I'm doing a project for my algorithms class and I'm having a lot of trouble with inputs. I'm trying to read an input like this:
6 0 2 3 1 3
5 9 2 1 3
The integers will need to go to
int num1; // num1 = 6
int num2; // num2 = 5
int array1[100]; // array1 = {0, 2, 3, 1, 3, 0, 0, ...}
int array2[100]; // array2 = {9, 2, 1, 3, 0, 0, ...}
The input will come from standard input, in the form of a file. So in terminal running the program would look like this:
cat input.txt | ./a.out
Where input.txt contains the two lines of integers.
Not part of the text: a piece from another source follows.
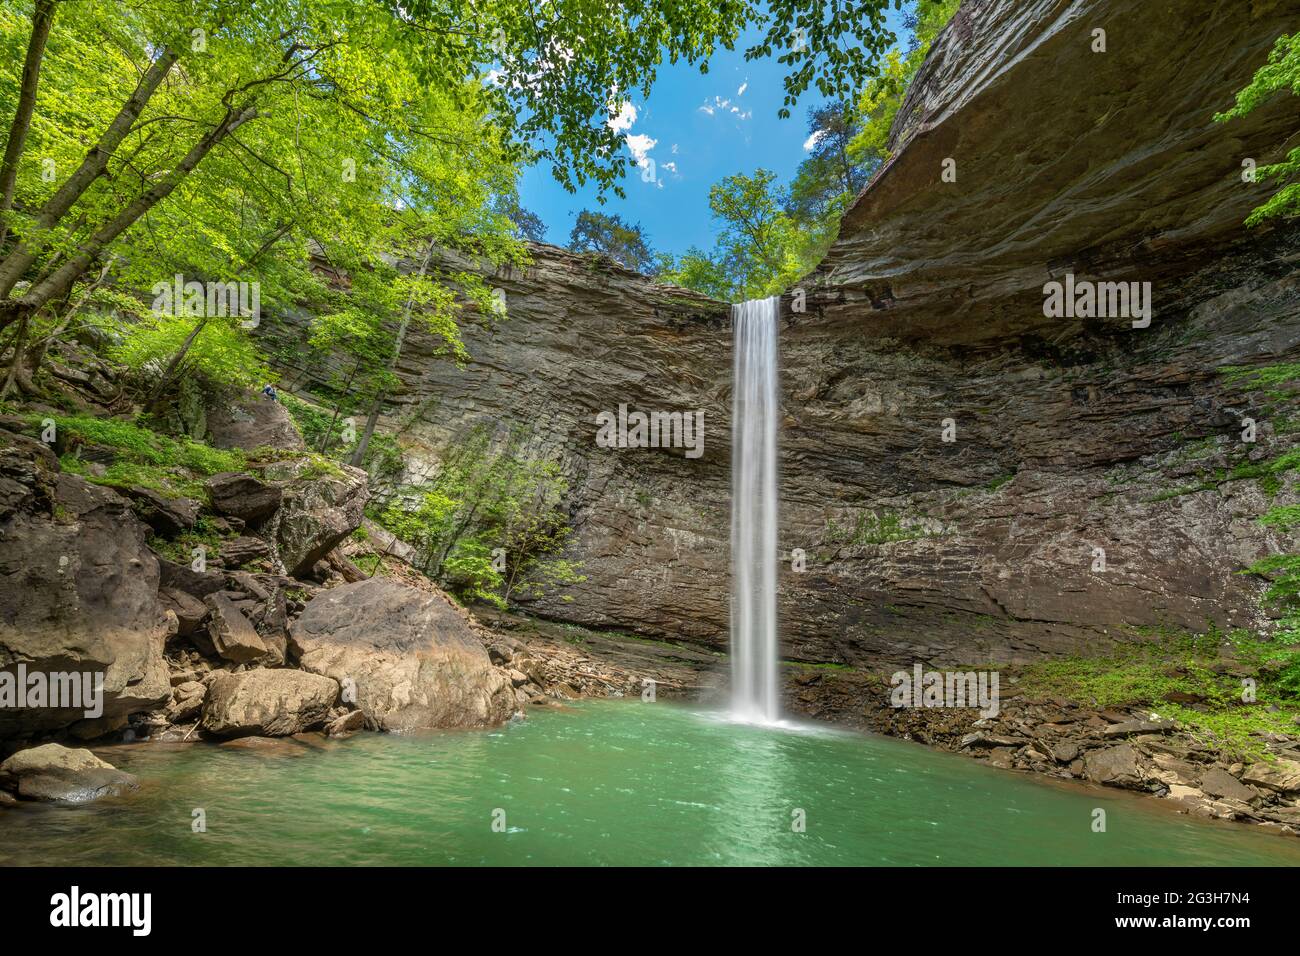 Belles chutes d'ozone dans le comté de Cumberland Tennessee est un magnifique trou de baignade avec une cascade fraîche qui alimente la piscine. Banque D'Images

Here is my flawed attempt so far:
while(scanf("%d%c", &temp, &ch) > 1){
if (ch != '\n'){
one[count] = temp;
}
else if (ch == '\n'){
count = 0;
two[count] = temp;
}
one[count] = temp;
count++;
if (ch != ' ')
{
printf("Invalid input. Please do int + space.\n");
return -1;
}
if ((temp >= 100) || (temp <= -100))
{
printf("Input is too big, must be between -100, 100.\n");
return -1;
}
if (one[0] < 1){
printf("Input for n cannot be smaller than one!");
return -1;
}
}
I think the main issue is that I'm just not sure how to deal with multiple lines of input. One line of input is fine by me but multiple lines is what trips me over.
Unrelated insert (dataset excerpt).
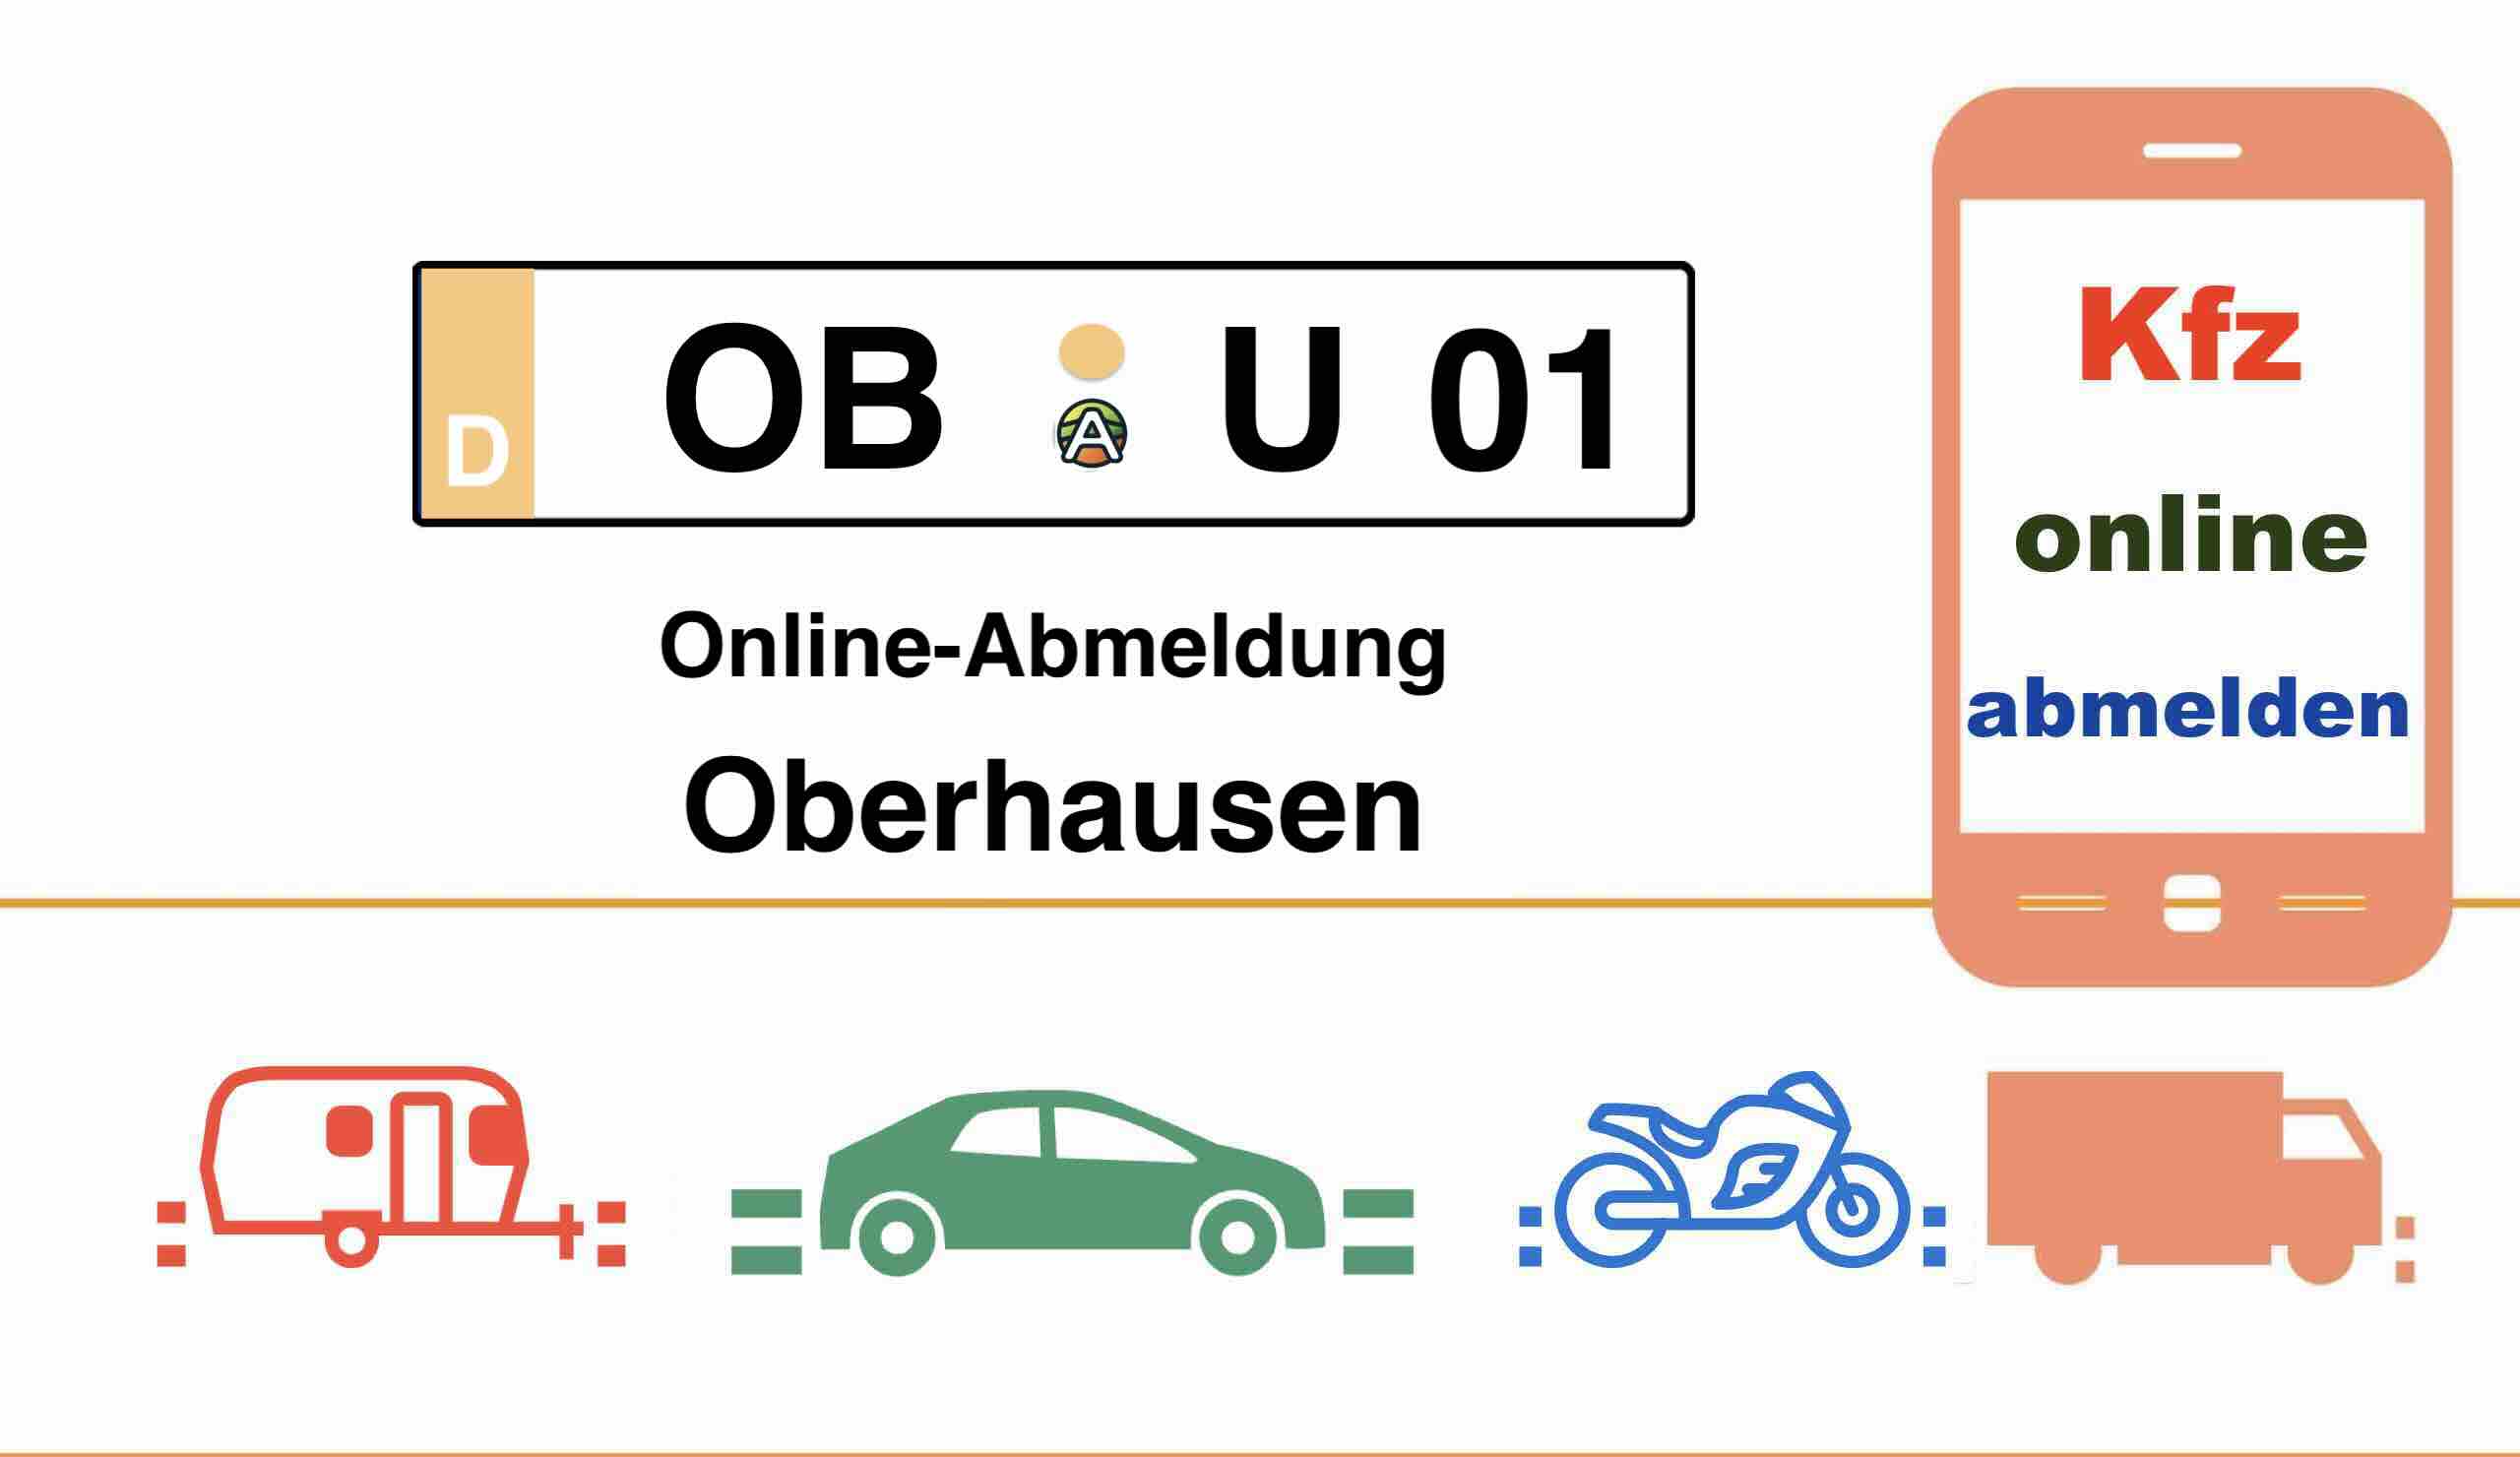 Online-Abmeldung in Oberhausen

You could fetch an entire line of input using the getline function and then iterate over that line, scanning one number at a time using the strtol function.
From the example in your question I assume that you want all remaining entries in the two arrays to be zero so don't forget to zero them out (either manually or using the memset function.).
And also don't forget to free() the buffer getline gave you.
Actually I ended up using scanf, here is the working code below. It really helped to read some of these comments and also refer to K&R
#include <stdio.h>
#include <string.h>
#define ARRAY_SIZE 100
void shiftArrayBackByOne(int a[]){
for(int i = 1; i <= ARRAY_SIZE; i++){
a[i - 1] = a[i];
}
}
void printArray(int a[], int n){
for(int i = 0; i < n; i++){
printf("%d ", a[i]);
}
putchar('\n');
}
int main(){
int isLineTwo = 0;
int countOne = 0;
int countTwo = 0;
int inputNum;
int num1;
int num2;
int array1[ARRAY_SIZE];
int array2[ARRAY_SIZE];
char ch;
while(scanf("%d%c", &inputNum, &ch) > 0){
//Puts the input into different arrays depeding
//on value of isLineTwo
if (isLineTwo){
array2[countOne] = inputNum;
countOne++;
} else {
array1[countTwo] = inputNum;
countTwo++;
}
//Increment isLineTwo if ch is a 'newline'
if (ch == '\n')
{
isLineTwo++;
}
//Check if user inputs more than 2 lines
if (isLineTwo > 1){
printf("Hey, no more than 2 input lines!\n");
}
}
printArray(array1, countOne);
printArray(array2, countTwo);
num1 = array1[0];
num2 = array2[0];
shiftArrayBackByOne(array1);
shiftArrayBackByOne(array2);
printf("num1 = %d\n", num1);
printf("num2 = %d\n", num2);
printArray(array1, countOne);
printArray(array2, countTwo);
}
Look at my code below. Maybe it helps you.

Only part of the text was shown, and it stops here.